On March 19th covering

Reading D.T. Max’s New Yorker article on the writing life and bitterly sad death of David Foster Wallace, I cannot escape a nagging question: Through the years of pharmacotherapy, did anybody try to talk to the guy? By which I mean a sustained, serious, patient psychotherapy. As a marker of where we are as a culture — is it that the biological explanation of human nature has taken hold so throughly that a major cultural figure can suffer unto death without it apparently occurring (publicly) to anybody that a full-court press for depression includes deep psychotherapy? If only to maintain human connection while all the medical things are being tried, and perhaps for something much more.

It is gauche to wonder about his, and horribly unfair to Wallace’s family and his doctors over the years because I don’t know what was tried or what they tried to persuade him to try. Second-guessing from a safe distance is cruel and transparently self-serving. Everything I have read indicates that his family and wife were remarkably attentive and patient, and that he deliberately misled them at the end so he could slip away to the only relief he could imagine. Even if they had been somehow deficient in their help for him, it would be none of my business.

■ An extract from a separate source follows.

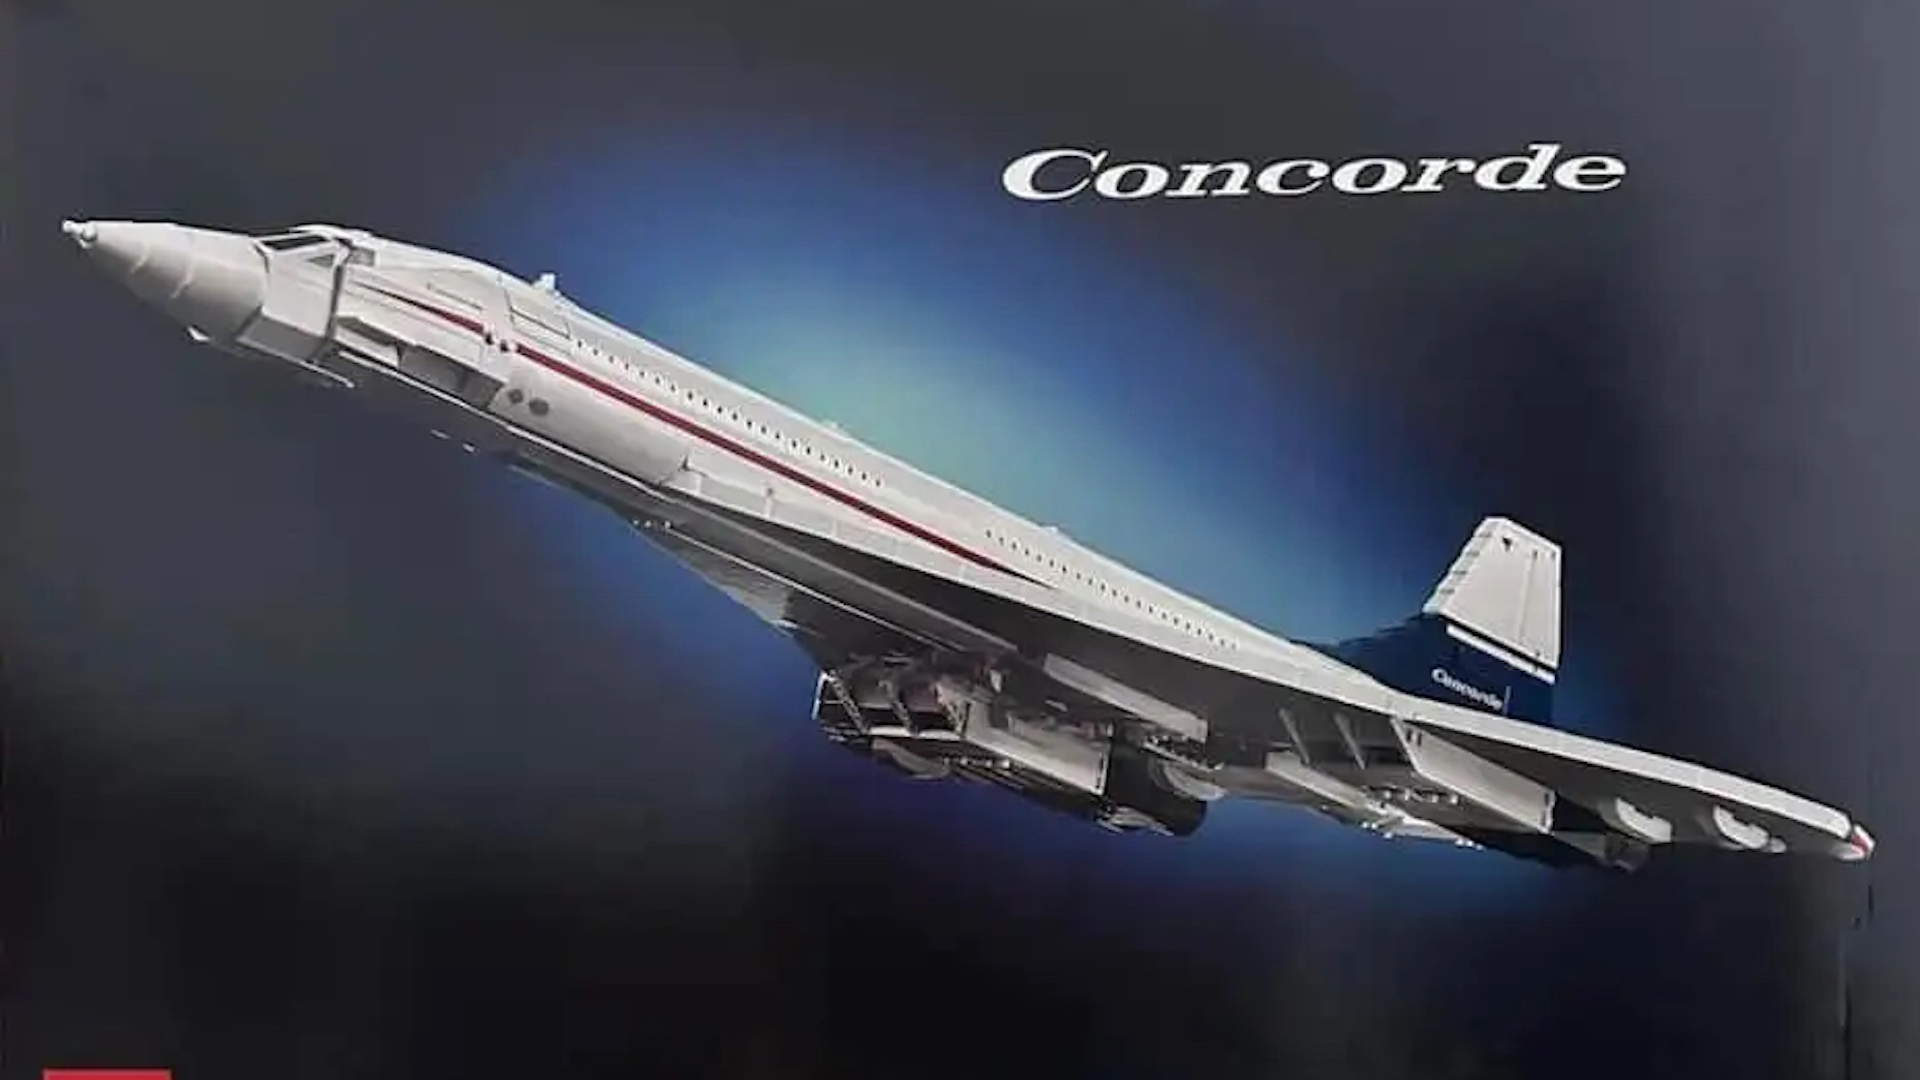 2,083-Piece Lego Concorde Set Will Eviscerate Your Wallet at Mach 2.04
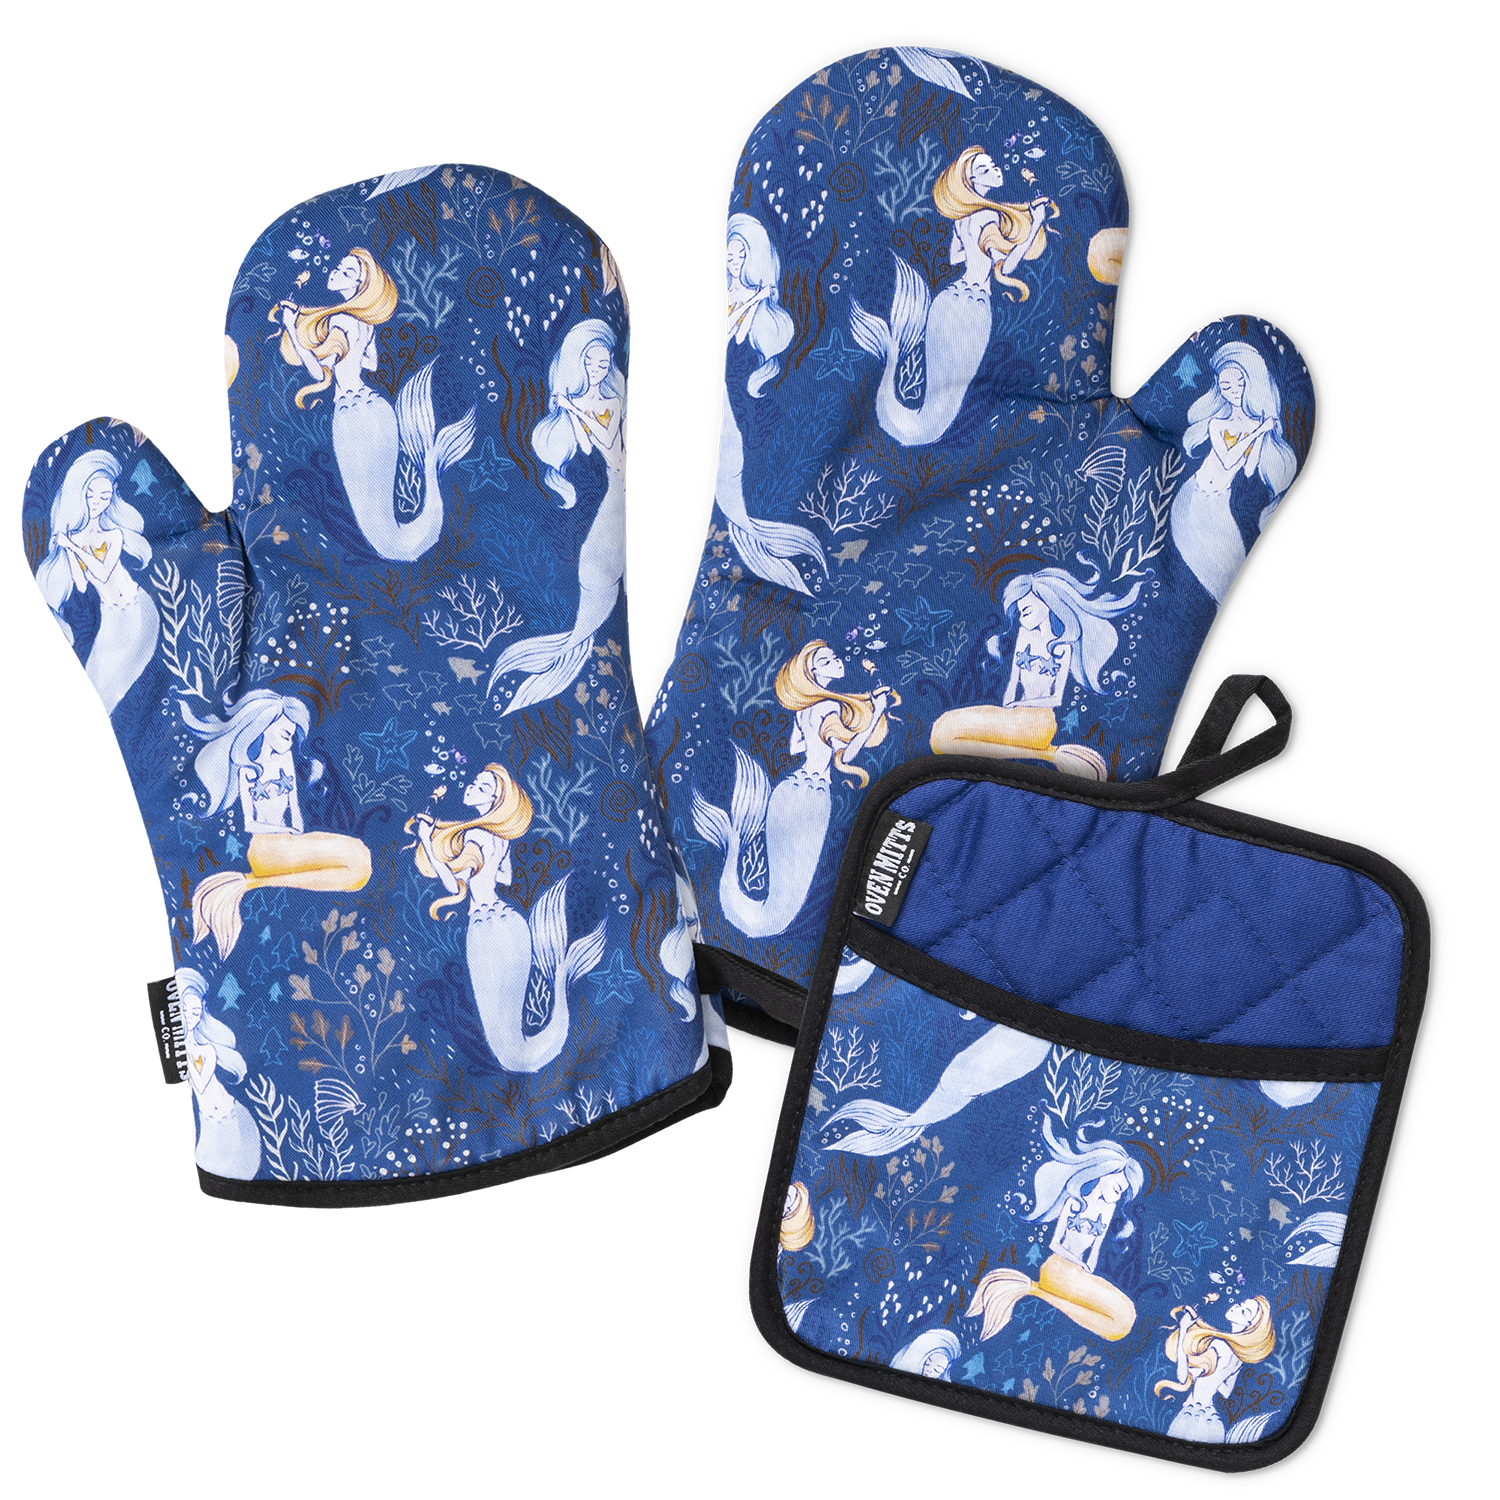 Magical Mermaid Blue Oven Mitts gloves And Potholder Set

Also, my own feelings of sorrow are such that I cannot pretend to any objectivity. It makes my stomach hurt to know Wallace (who, like Obama, is a little younger than me) is gone – not just his brilliance, but his great, searching humanity. My mind seeks a way to “say it ain’t so”. There is the magical wish that if we can come up with a cure retroactively, he won’t be dead any more. I am no more immune to this departure from reality than anybody else.

But in the frank discussion of all of the medical interventions that he tried, including ECT on at least two occasions, there haven’t been any published mentions of psychotherapy that I have seen. This passage from the short story “The Depressed Person” was used by Max to give the tenor of Wallace’s real-life treatment:

Paxil, Zoloft, Prozac, Tofranil, Wellbutrin, Elavil, Metrazol in combination with unilateral ECT (during a two-week voluntary in-patient course of treatment at a regional Mood Disorders clinic), Parnate both with and without lithium salts, Nardil both with and without Xanax. None had delivered any significant relief from the pain and feelings of emotional isolation that rendered the depressed person’s every waking hour an indescribable hell on earth.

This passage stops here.